Of songs and stories

Cahyawardhani
wordbiting
Published in
8 min readAug 26, 2018

First song

I remember how it all began. Freshers week, yellowing leaves marking the welcoming of autumn, shy smiles of new students trying to fit in, clubs trying to recruit new members, and of course, the dozens of Instagram posts at any given time asserting their old friends that hey, I’m cool and all in this new uni!

In short, it’s your typical picture-perfect opening scene for any romantic comedy movie ever — except that I don’t belong in any of your typical female lead trope. This is a story of a mediocre girl: most of the time I feel okay-ish with how I look, I’d settle for a B+ grade, I listen to Spotify’s Today’s Top Hits playlist, sing in the shower, my favorite Instagram and/or Snapchat filter is the dog ear one (only because it makes my face smaller and eyes bigger — you know, like everyone else), and most importantly, I narrate my daily life.

So, it’s only natural that upon seeing one fine senior handing out flyers for the debate club, Frankie Valli’s Can’t Take My Eyes Off of You blared loudly in my head, complete with the wind effect and slow-mo vision.

But no, the first song is not Frankie Valli’s classic — instead it’s a band fanfare in the background, excited chatters of freshers, and the unapologetically loud laugh of seniors. The first song is how you bumped into me, said sorry, waved your right hand, and walked away with your friends. The first song is how truly unimpressive we first met, and how I couldn’t have imagined of the profound and lasting impact you’d have on me.

Second song

The faculty’s decision to paint the lecture hall ivory was fueled by the desire to look elegant and expensive, but cheap enough and longer-lasting than wooden paneled walls. The second song was a lecture on Hofstede’s Cultural Dimension and the buzzing sound the projector makes.

It would’ve been nicer if the second song was Dua Lipa’s New Rules, as how a girl’s phone suddenly played that song that brought an abrupt end to the lecture. Thanks to her (although the poor girl had to stay after class), the lecture was cut short and the professor asked us to convene in pre-assigned pairs and start the semester-long project on anthropology in business.

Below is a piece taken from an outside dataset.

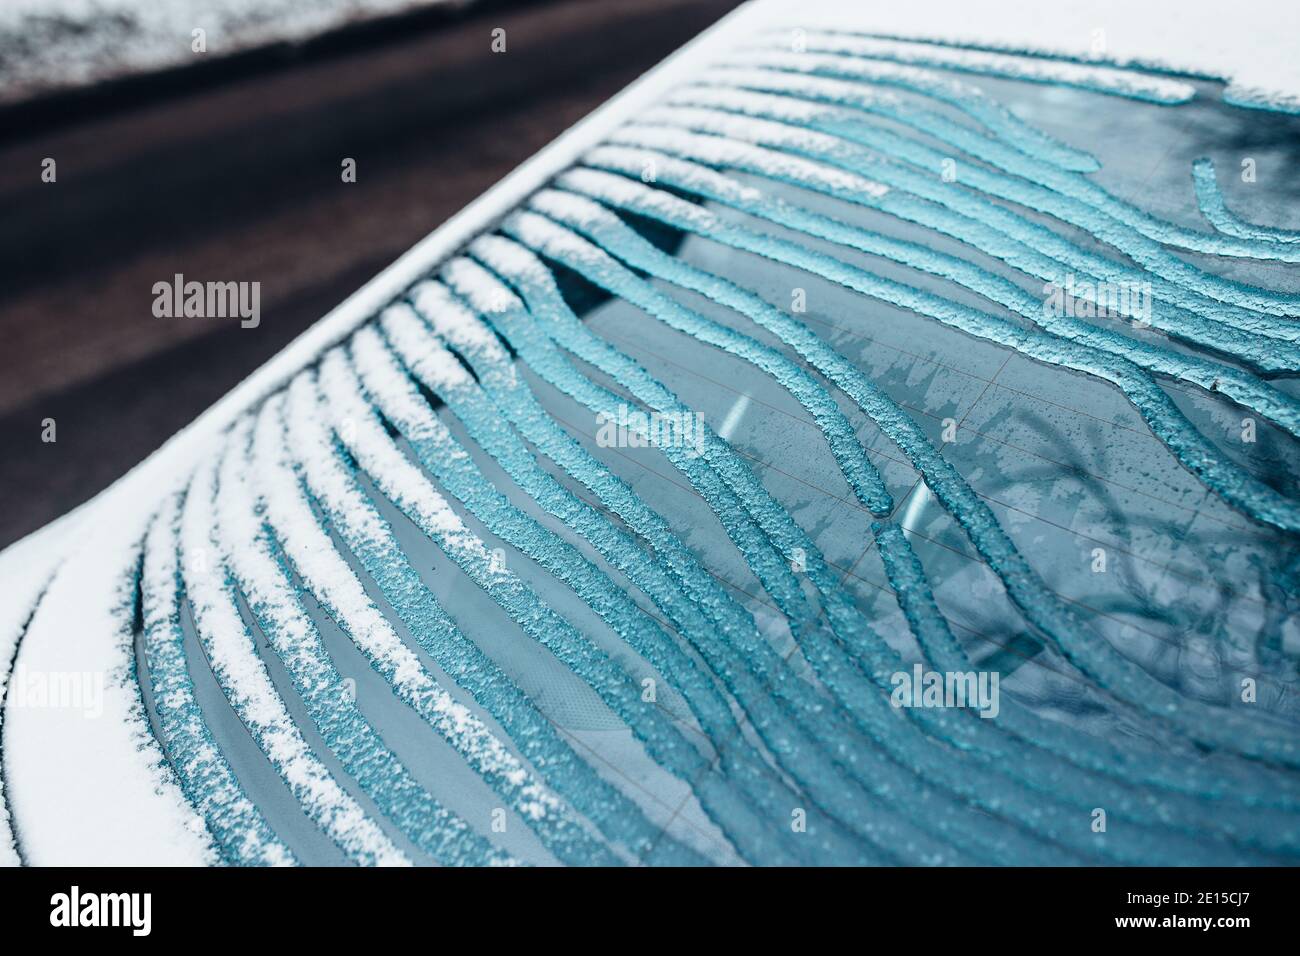 Eis schmilzt auf der Heckscheibe des Fahrzeugs - Elektrische Fensterheizung  mit Kontaktstreifen Stockfotografie - Alamy

It was then when we first talked — I could’ve said it was fated by the universe but in its most honest sense, it was really just because of the lecturer’s pairing system. We learned each other’s name and agreed on how we’ll work this forward. It was your typical lecture.

Third song

Running through this playlist in my head, I slowly realized how the weather outside changed. I was so certain that today is a fine summer morning, so the strong wind and gloomy sky didn’t add up. Little by little the droplets of water became more violent, until it raged a thunderstorm. It was just like that day in the library.

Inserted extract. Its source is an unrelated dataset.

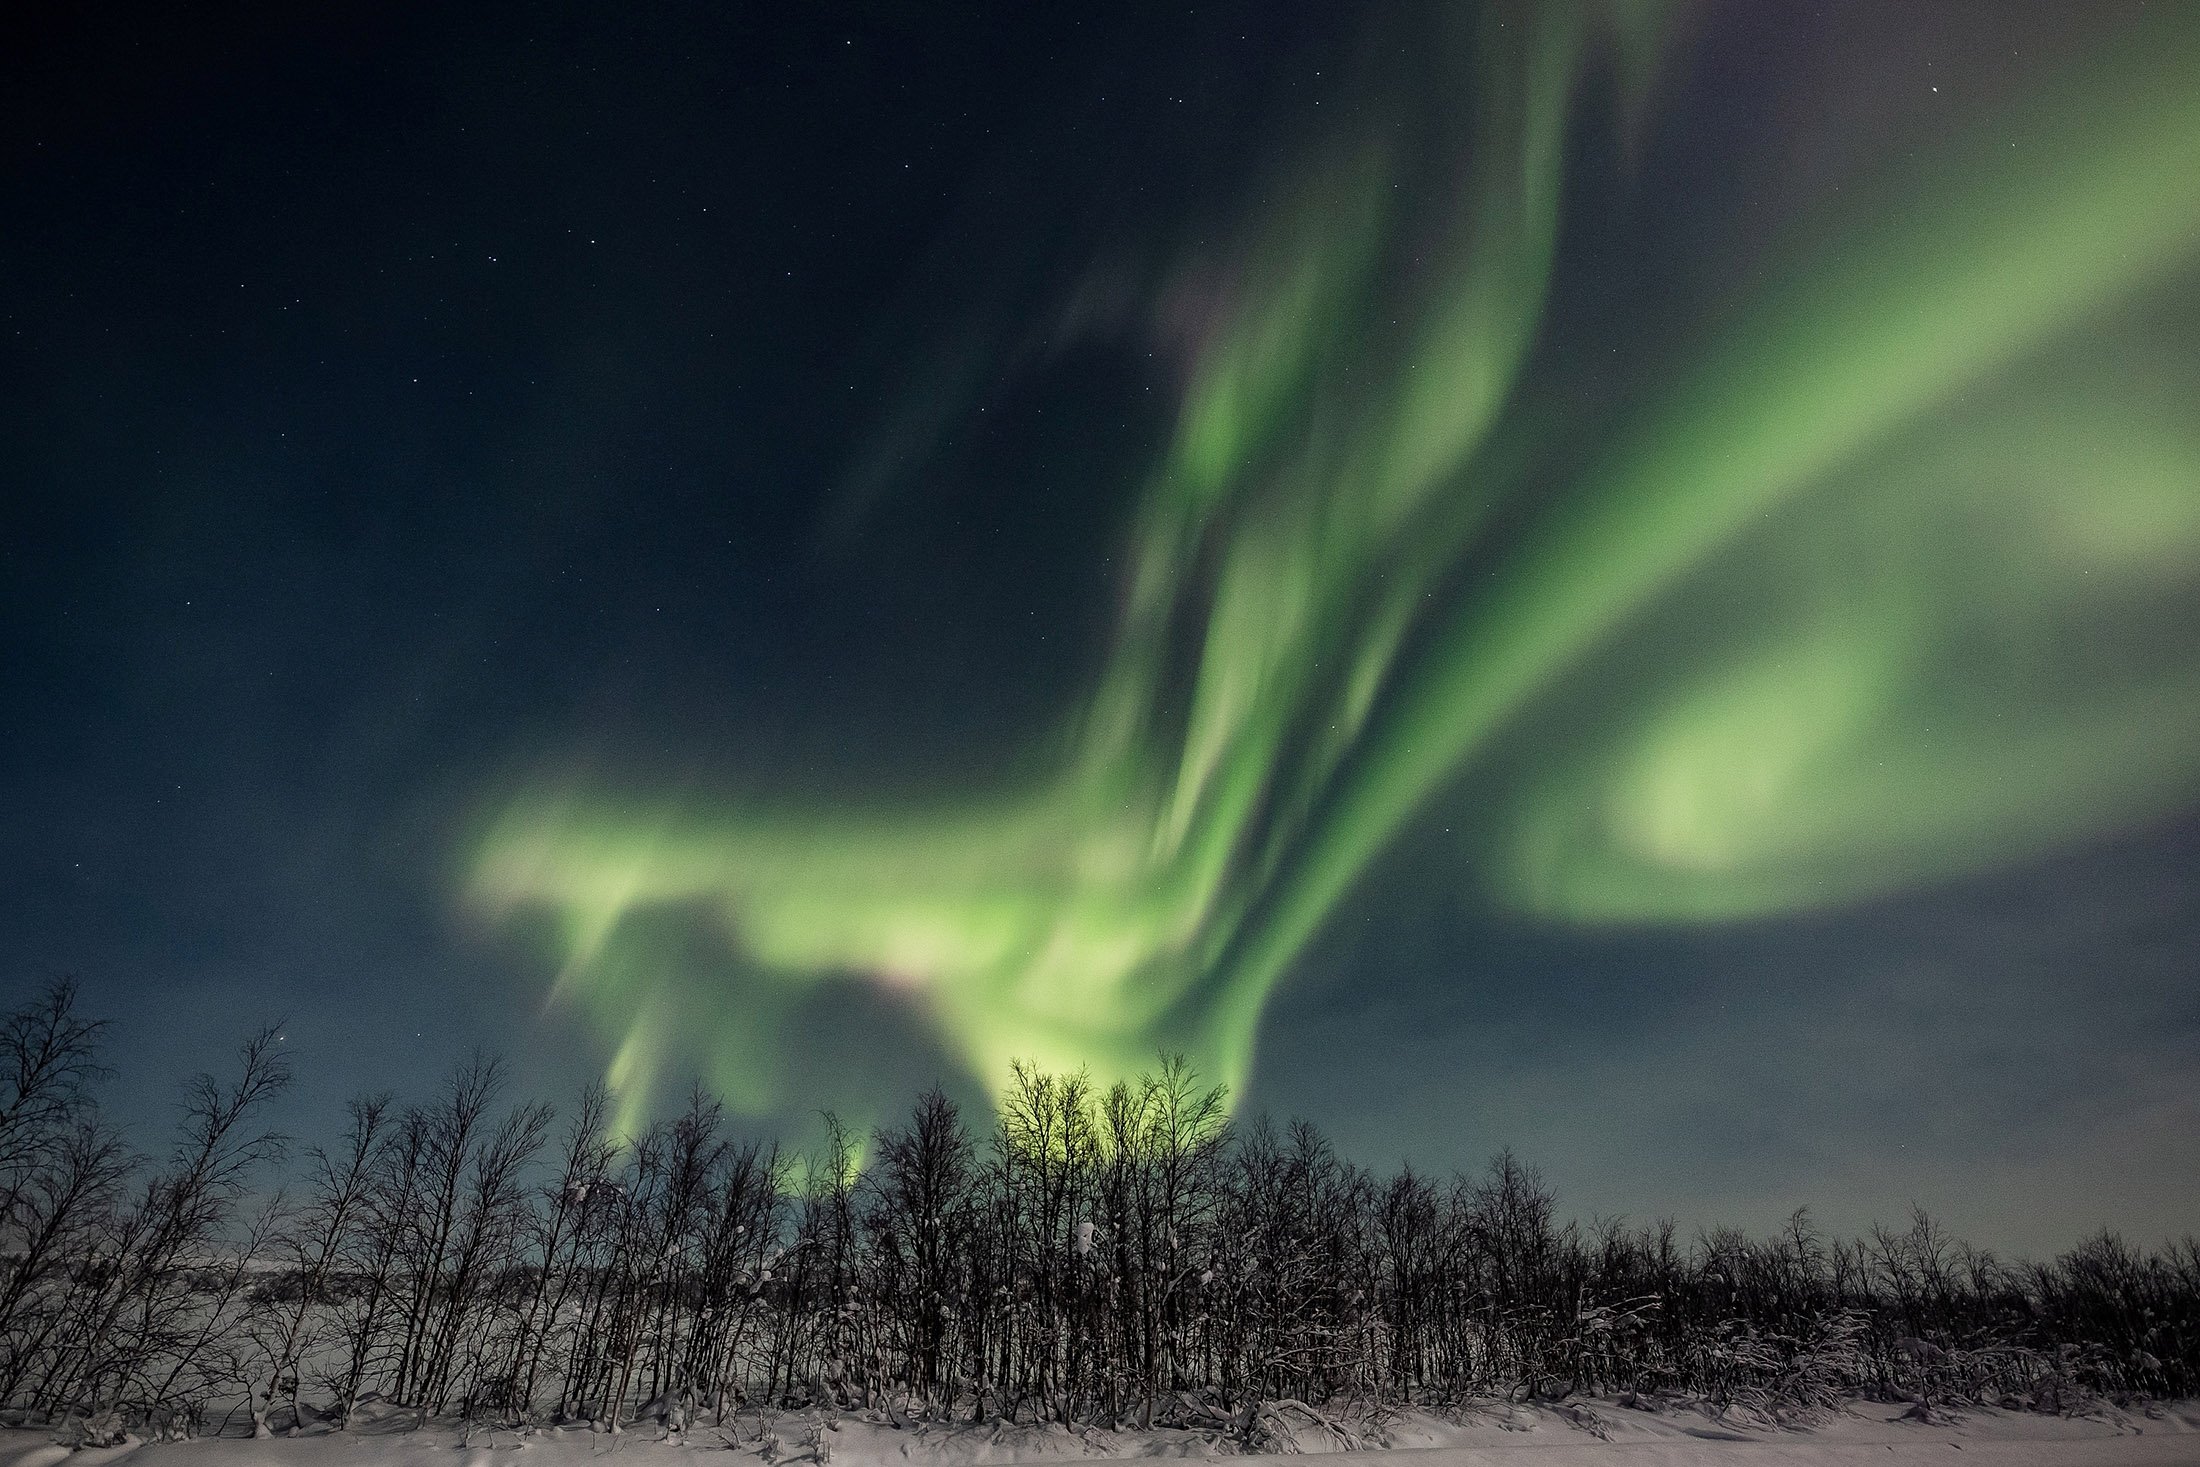 amazing Aurora Borealis image

That day we found out that you’re the better one in finding relevant books and I’m the better one at googling. You have the basic skills to be a private investigator, you said. Or a stalker, I said.

That day we found out that we hated the same film genre (horror) and loved the same genre (romantic comedy, although it needs a little bit of probing and teasing to squeeze that out of you). We have a highly contrasting music taste though — you despise my Spotify’s Today’s Top Hits and I barely know the musicians you considered as gods (later I will learn the magic of Miles Davis, Chet Baker, and Antonio Carlos Jobim).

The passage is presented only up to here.